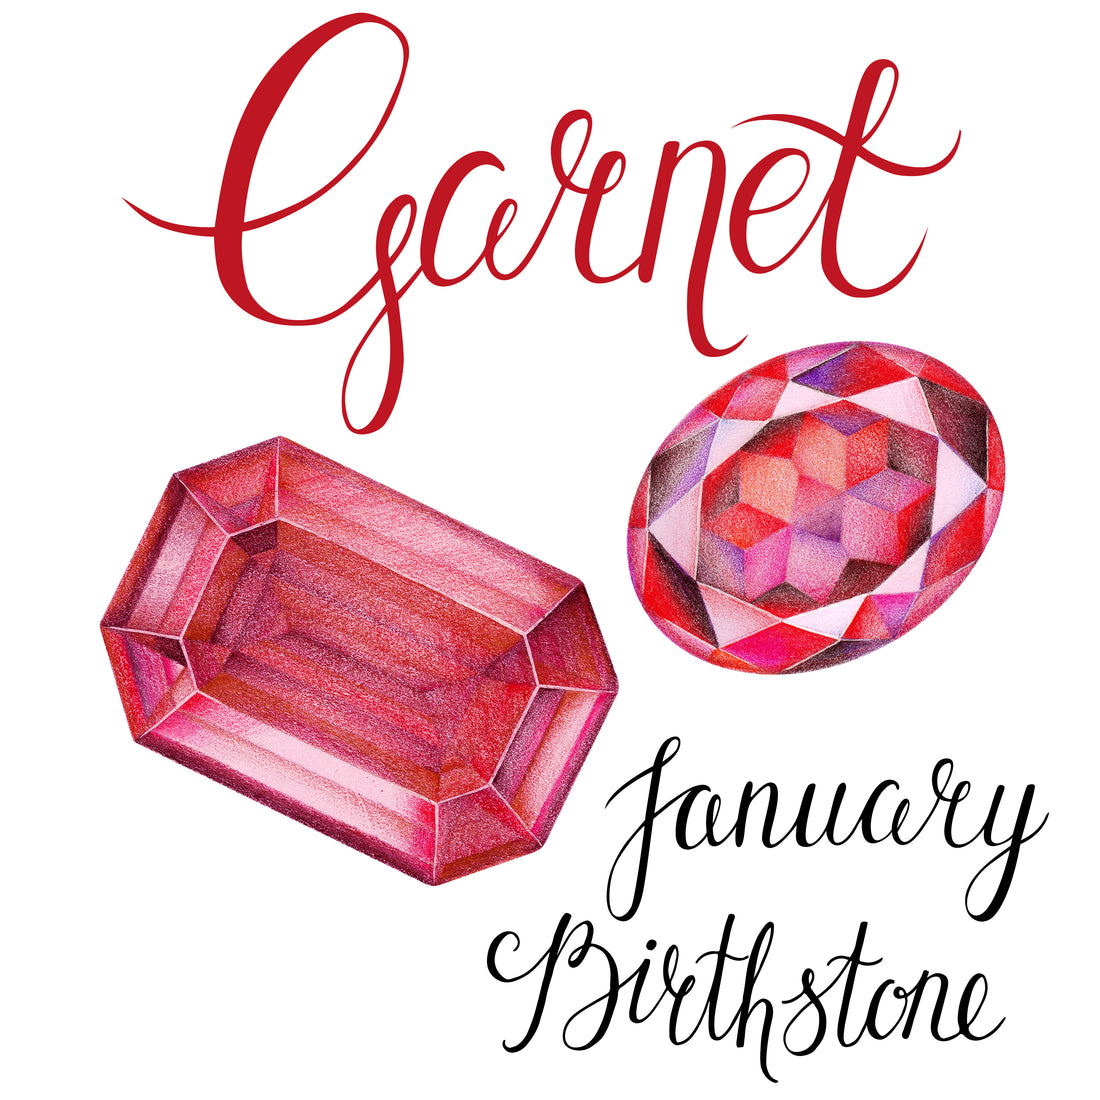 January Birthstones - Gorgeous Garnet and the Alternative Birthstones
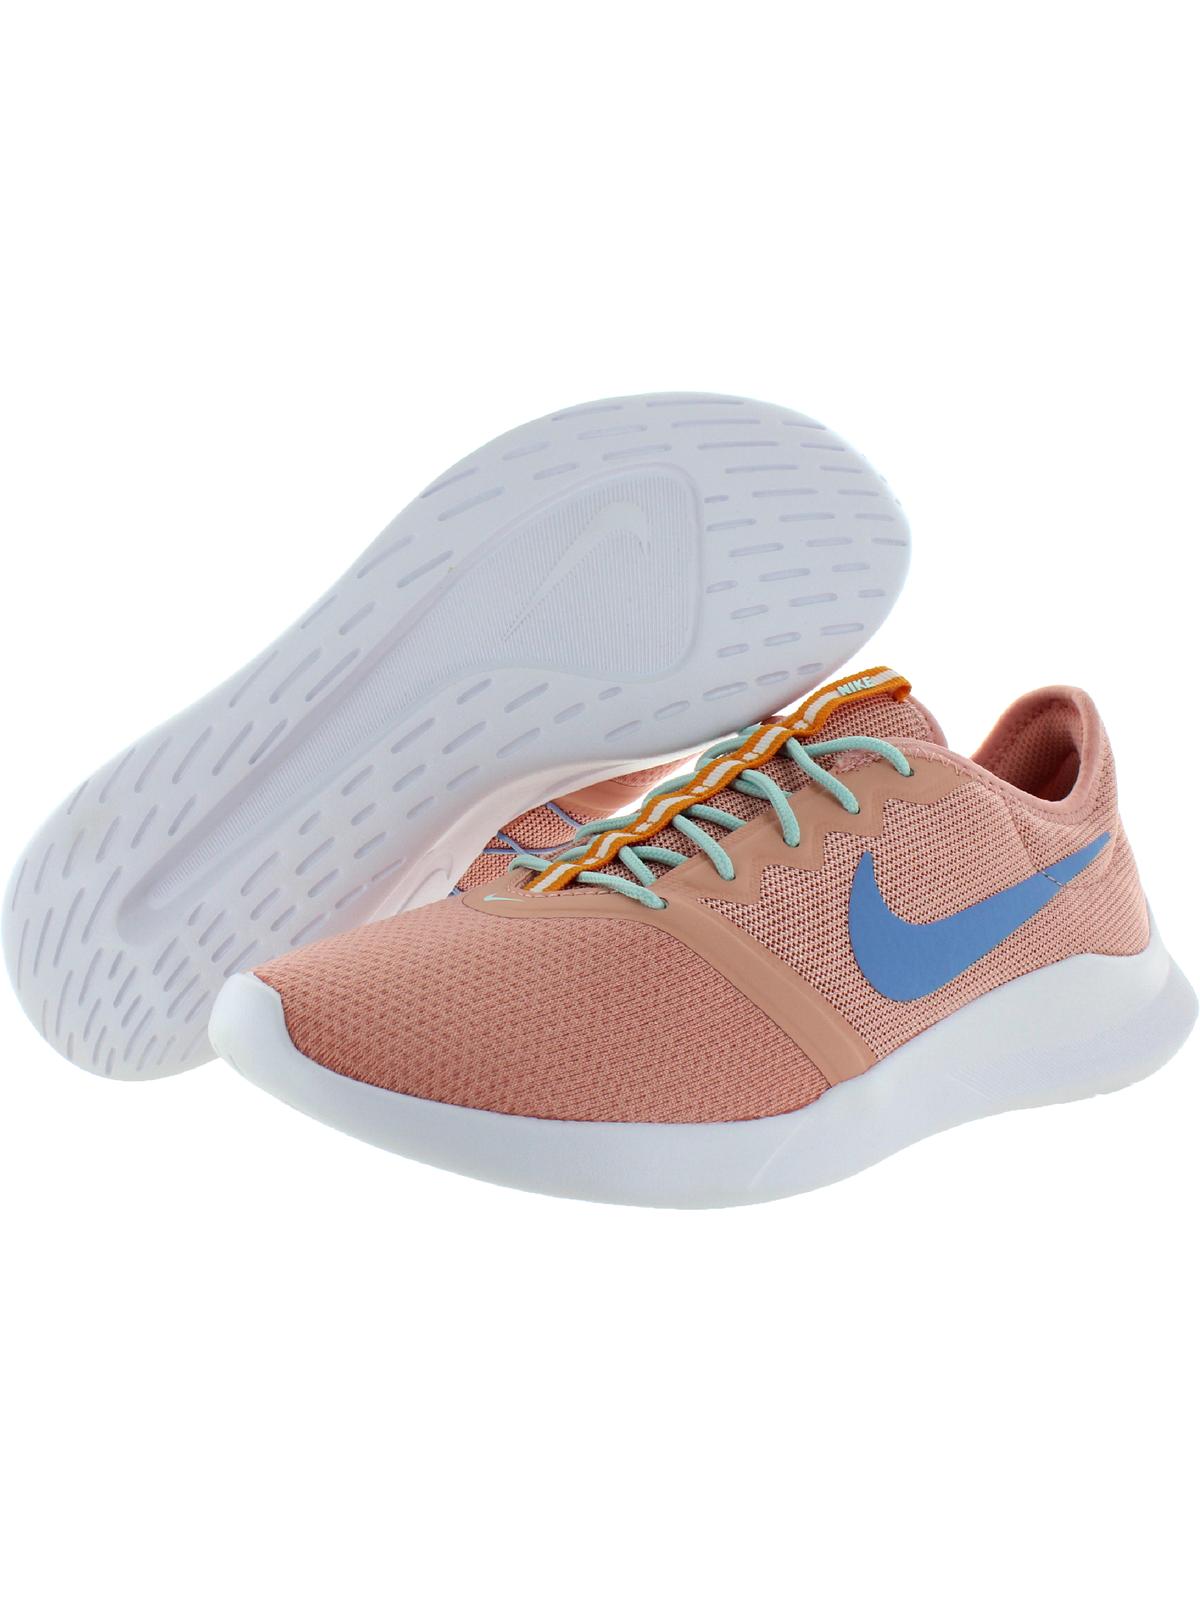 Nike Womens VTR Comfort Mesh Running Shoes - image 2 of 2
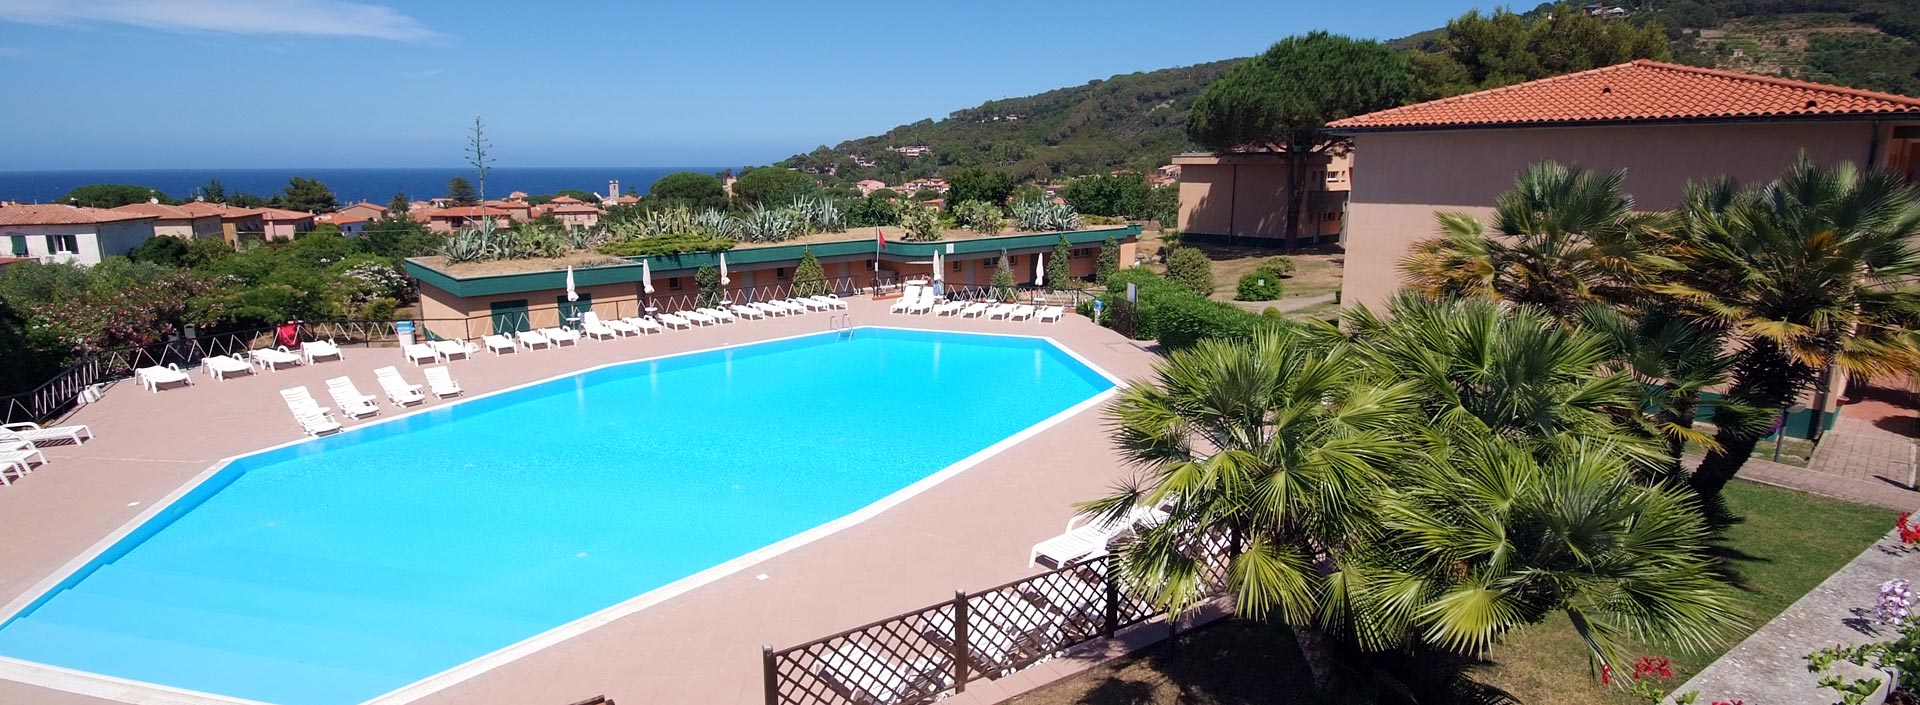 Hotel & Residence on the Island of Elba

* * *

• **Work instruction**
Reproduce the whole listing above character for character; pictures do not belong in it.

• **Exercise result**
 January Birthstones - Gorgeous Garnet and the Alternative Birthstones
 Nike Womens VTR Comfort Mesh Running Shoes - image 2 of 2
 Hotel & Residence on the Island of Elba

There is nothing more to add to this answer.